Deesta I'm not going to be able to run this test any longer tonight I'm afraid, but here's a couple beamshots taken with MTBR settings (f4, 6secs, Daylight WB). Lens was at 10mm and resting on ledge to conservatory floor (3-4 inches off ground maybe). Rear bushes are probably 15M away.



















Stopwatch now running at 6 hours 17 seconds... shame I'm too tired to go out to the woods and get a long distance photo... Still thought you might be interested.

What LEDs/driver is this?


----------



## deesta (Sep 7, 2008)

Thanks Dan, I'm gobsmacked as to how long it's been running...6+ hours on full tilt. Hopefully the Altair should give the same performance as it's XRE based too:thumbsup: 

Great looking beam shots too mate..hope you enjoy your 1st ride with it tomorrow night 
Steve


----------



## Surfr (Dec 28, 2008)

I don't doubt it would have easily broken the 7 hour mark if I could have stayed awake any longer.


----------



## deesta (Sep 7, 2008)

Bloody hell 7 hours:thumbsup: The driver is off ebay:5w LED Driver and the LED's are, I think, Cree R2's on a triple cutter board.


----------



## HEY HEY ITS HENDO (Feb 23, 2008)

.... UK Ebay 5w Driver link
Approximate size, 23 x 20 x 6mm......
.....Surfr what battery pack you got?


----------



## Surfr (Dec 28, 2008)

It's the one photographed with the head light earlier in the thread. a 14.8v 3600mAh labled with a DStar Altair sticker.


----------



## troutie-mtb (Sep 20, 2007)

Seems a good little driver and dimable too with the appropiate resistor 
I have 2 and am just waiting for a switch to arrive and am going to put them in a troutlight
running 3 XPEs each .


----------



## mroneeyedboh (Sep 24, 2006)

that driver going to be better than tasks? I just bought the bflex...


----------



## troutie-mtb (Sep 20, 2007)

mroneeyedboh said:


> that driver going to be better than tasks? I just bought the bflex...

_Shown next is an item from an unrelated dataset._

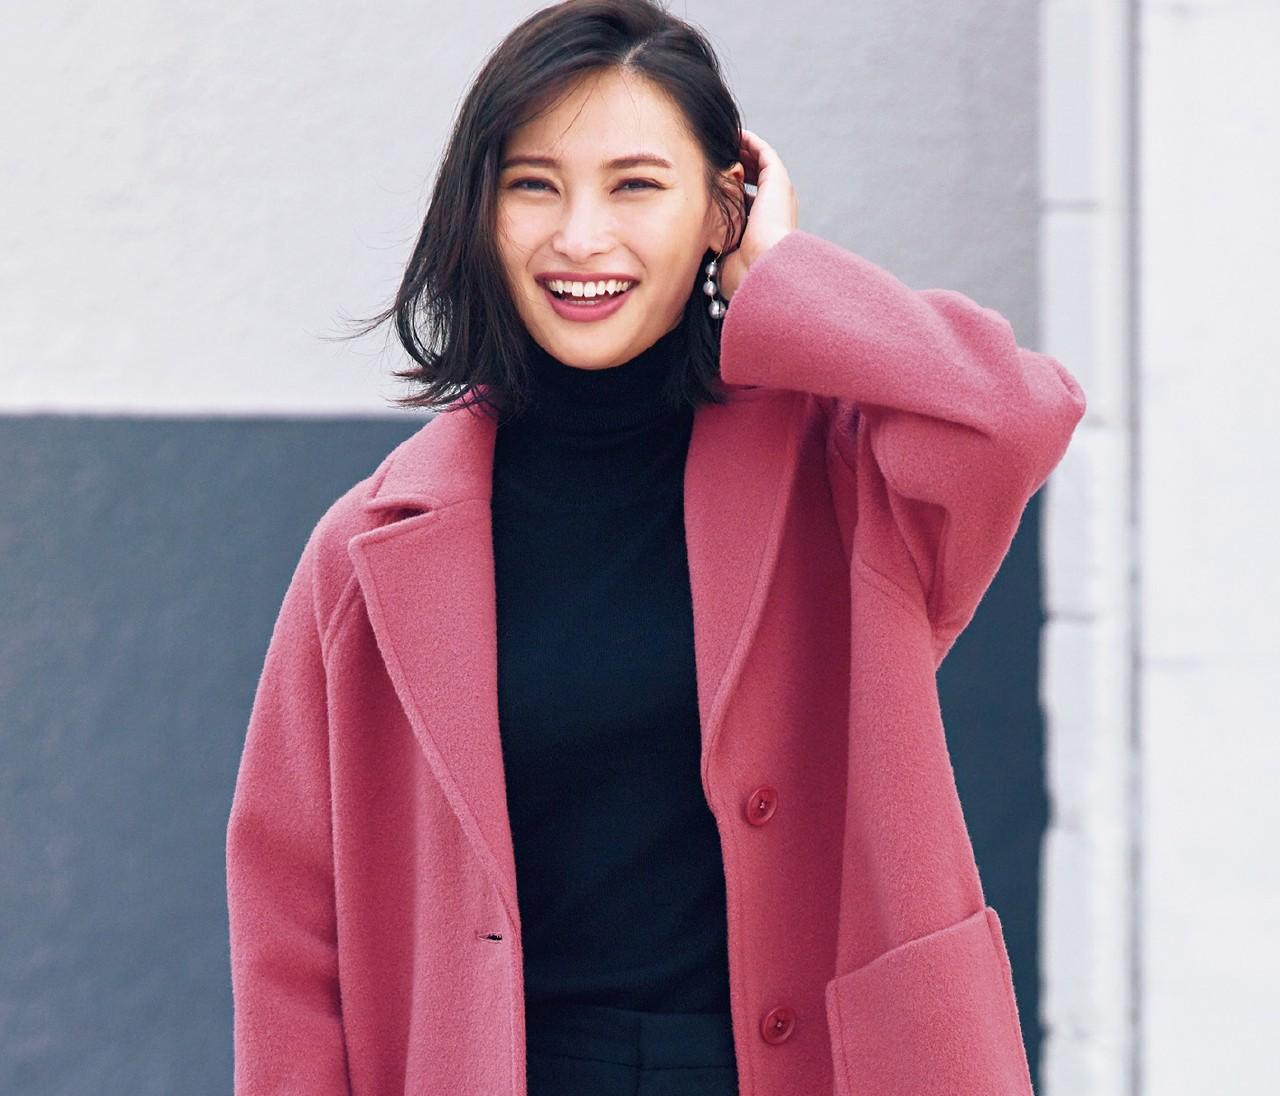 【最愛コート】「きれい色コート」はモノトーンコーデに合わせて

No none of them come close to the flex`s for user interface / thermal protection 
the flex`s are the best .:thumbsup:

they are just a basic no frills driver but when the budget is tight they work and not been tested for longevity but I have a few in some lights out there and had no complaints yet.


----------



## mroneeyedboh (Sep 24, 2006)

Cool,
I hope that driver ( bflex ) isnt hard to wire up.. Doesnt seem like it.


----------



## Giant-Lander (Feb 13, 2009)

Hey guys, i did my local 23km 500 ascnt loop tonight to check out the Altair on mtb conditions (prior rides were on the road-lizzard bike). Apart from the fact that i've pulled two yellow cards on the DX ultrafire 18650 batts -they are in the conditioner/charger now- as 2 of them kicked the bucket toooooo early, i felt i needed a little bit more throw on the fireroad part of the ride. Singletracks were ok, as they are tight and narrow. Coming home, i checked the oval lens (ledil cmc O) and as troutie said i've got it the wrong way (vertical). Nevertheless, side spill was satisfactory, so it's not needed indeed. Should i replace it with an SS optic -as the side ones- or there's anything new on the block now?????What about those reflector-collimator combos?


----------



## troutie-mtb (Sep 20, 2007)

Giant-Lander said:


> Hey guys, i did my local 23km 500 ascnt loop tonight to check out the Altair on mtb conditions (prior rides were on the road-lizzard bike). Apart from the fact that i've pulled two yellow cards on the DX ultrafire 18650 batts -they are in the conditioner/charger now- as 2 of them kicked the bucket toooooo early, i felt i needed a little bit more throw on the fireroad part of the ride. Singletracks were ok, as they are tight and narrow. Coming home, i checked the oval lens (ledil cmc O) and as troutie said i've got it the wrong way (vertical). Nevertheless, side spill was satisfactory, so it's not needed indeed. Should i replace it with an SS optic -as the side ones- or there's anything new on the block now?????What about those reflector-collimator combos?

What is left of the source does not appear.